After gawping non-stop at the scenery, I’m hankering coffee. My eyes catch a glimpse of The Mountain Goat Roastery and Bakery while driving through Packwood and I quickly pull in. It epitomises a one-street small mountain town with wooden shops and businesses lining the road. Locals mill around and shout hellos across the street at one another; it’s utterly pleasant while I sip coffee and daydream off at tree-coated bluffs.

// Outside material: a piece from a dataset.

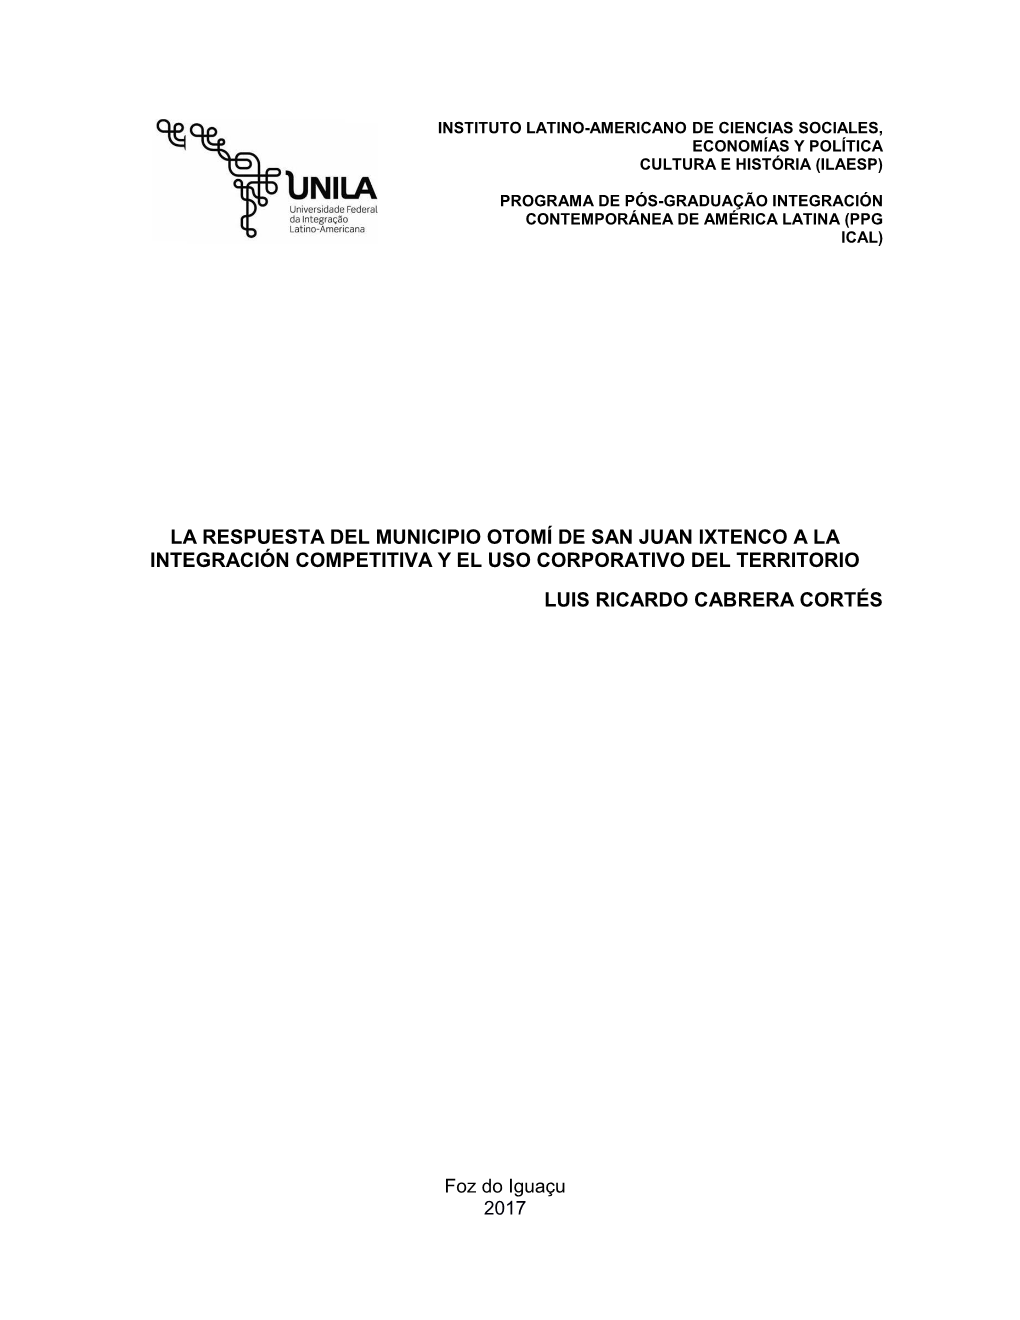 La Respuesta Del Municipio Otomí De San Juan Ixtenco a La Integración Competitiva Y El Uso Corporativo Del Territorio Luis Ricardo Cabrera Cortés

The early afternoon has me passing through the townships of Morton and Elbe before heading north towards Tacoma. The road widens, traffic lights reappear, and forests give way to industry. It’s a gentle transition, though, and one that readies you for the metropolis ahead. Pulling in at Sodo Urbanworks, part of Seattle’s Industrial District and an unfussy collective of food and drink vendors, I can’t help but feel I’ve come a long way. The last five hours behind the wheel have been a kaleidoscope of terrains and vistas. Happy to hang up my seat belt buckle, I settle in and sip wine from the Walla Walla Valley at rock-and-roll-infused tasting room Sleight of Hand Cellars to a soundtrack of 90s Brit Pop. All good things travel, after all.